Naji Youssef (Vocals)
Najeeb Shaheen (Oud)
Ramzi El-Edlibi (Dirbekke, Riq, Tabl)

And Guest Musician Johnny Farraj (Riq)


This program is unique in many ways. First, it assembles three outstanding musicians, who have been working together since the late 1980s and who are extremely well versed in the repertoire they are performing. Second, it puts together Melchite church music with folk songs to show the mutual influences both genres had on each other where the sacred and profane interacted without boundaries. Finally, it celebrates Lebanon’s rich musical tradition and its connections to parts of Palestine and Syria in particular and to the Arab World in general.
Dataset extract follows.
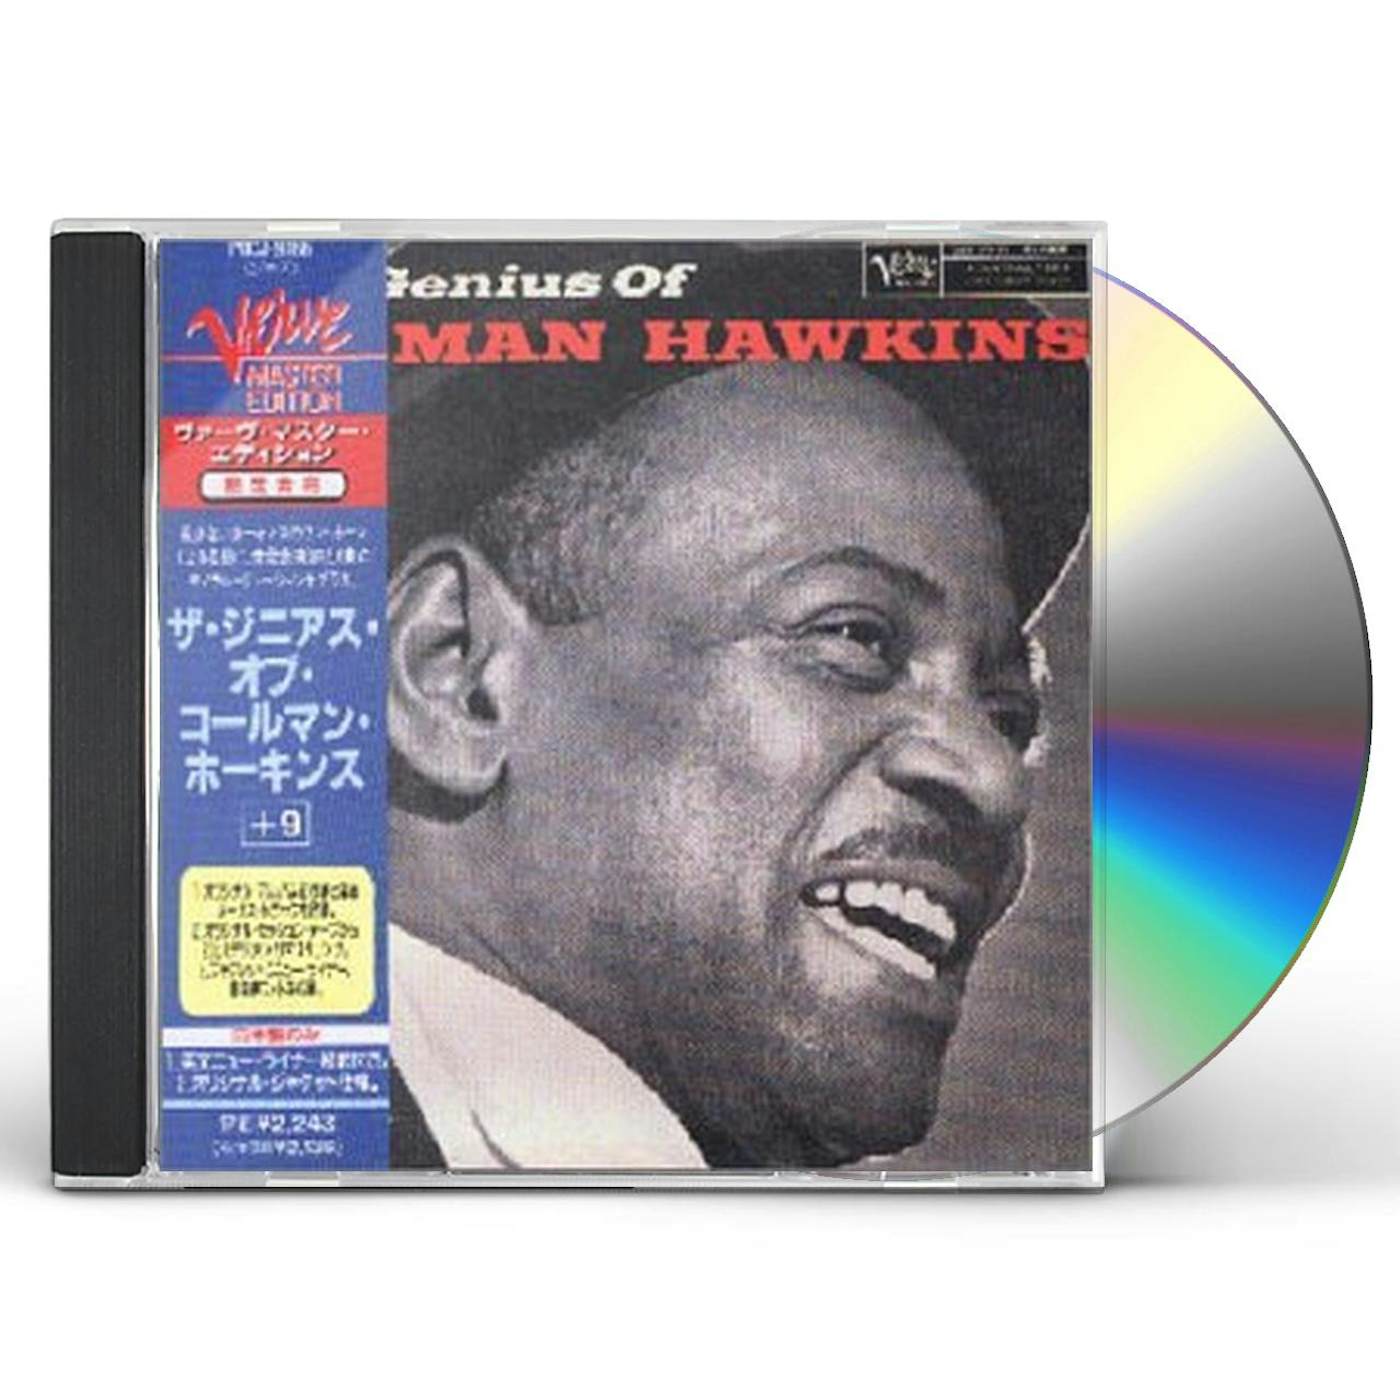 Coleman Hawkins GENIUS OF CD

“Naji Youssef, a Lebanese singer who came to the United States in 1988, sang long-breathed, improvisatory songs in a soaring baritone, drawing applause for the intricacy of his melismas.”

New York Times, September 14, 1994

“A beautiful, nuanced tenor, Naji Youssef also serves as a cantor in the Catholic Melchite Church of the Virgin Mary in Brooklyn … his lavish melismatic vocal work incorporated sinuous Arabic melodic patterns (maqamat) intended "to touch the heart."


Naji Youssef

Born in Northern Lebanon, Naji started singing in his church choir at a tender age. He immigrated to the United States in 1988 and has been a leading figure in the Arab-American music scene. He has sung in many venues and festivals and worked in many projects with Simon Shaheen, Philip Glass, and others. Naji’s clear and strong voice is reminiscent of the Lebanese jabali (mountain) style exemplified by great masters such as Wadi’ Assafi, yet the cantorial tradition adds nuance and subtle phrasing to his singing. Naji has mastered many repertoires besides the Melchite hymns, including old poetic singing styles such as mijana, ‘ataba, shruqi and zajal. For many years, Naji has been cantor in the Catholic Melchite Church of the Virgin Mary in Brooklyn, New York.

Najeeb Shaheen

Born and schooled in Haifa, Najeeb started playing the oud at a tender age. His father, the late Hikmat Shaheen, was an accomplished oud player, singer, and music teacher. His grandfather was cantor at the local church. After the 1967 war, Najeeb immigrated to the United States where he attended college. For decades, he has been performing nationally and internationally. Najeeb is a master of taqasim (improvisations) and has a unique style of playing the oud reminiscient of great masters like Al-Qasabji, Farid Al-Atrash and others. He also makes and restores ouds.

Ramzi El-Edlibi

Ramzi El-Edlibi’s dance career began in Lebanon as he studied with the renowned choreographer Wadia Garrar and was a principal dancer with the Caracalla Dance Co. With Carracalla and on his own, Ramzi traveled extensively as a much sought-after performer of the Middle Eastern Folk Dance Art Form, performing in Russia, Japan, Spain, France, the U.K, Egypt, Libya, Iraq and more. Each of these locations have offered not only the opportunity to demonstrate his talents, but to extend them—absorbing influences from the various cultures that would continue to add interesting and varied dimensions to the complex tapestry of his art and his life. Ramzi is also an accomplished percussion player and teacher, mastering the tabla, riq (Arab tambourine) and frame drum.

Johnny Farraj

Johnny Farraj studied the riq (Egyptian tambourine) and frame drum with Karim Nagi and Fairuz's percussionist Michel Merhej. He also studied the oud with Simon Shaheen and Bassam Saba, and classical Arabic singing with Rima Khcheich and Youssef Kassab. As a percussionist, he has performed with Simon Shaheen/Qantrara (Symphony Space) and Amir El-Saffar, and recorded on the soundtrack of the play "9 Parts of Desire" by Heather Raffo. Johnny has performed and given lecture demonstrations in universities and museums throughout the US and Canada, and has taken part in several fusion collaborations involving classical Indian, Persian and Jazz. Johnny annually attends the Arabic Music Retreat, and has created the web site to teach classical Arabic music (maqam) theory.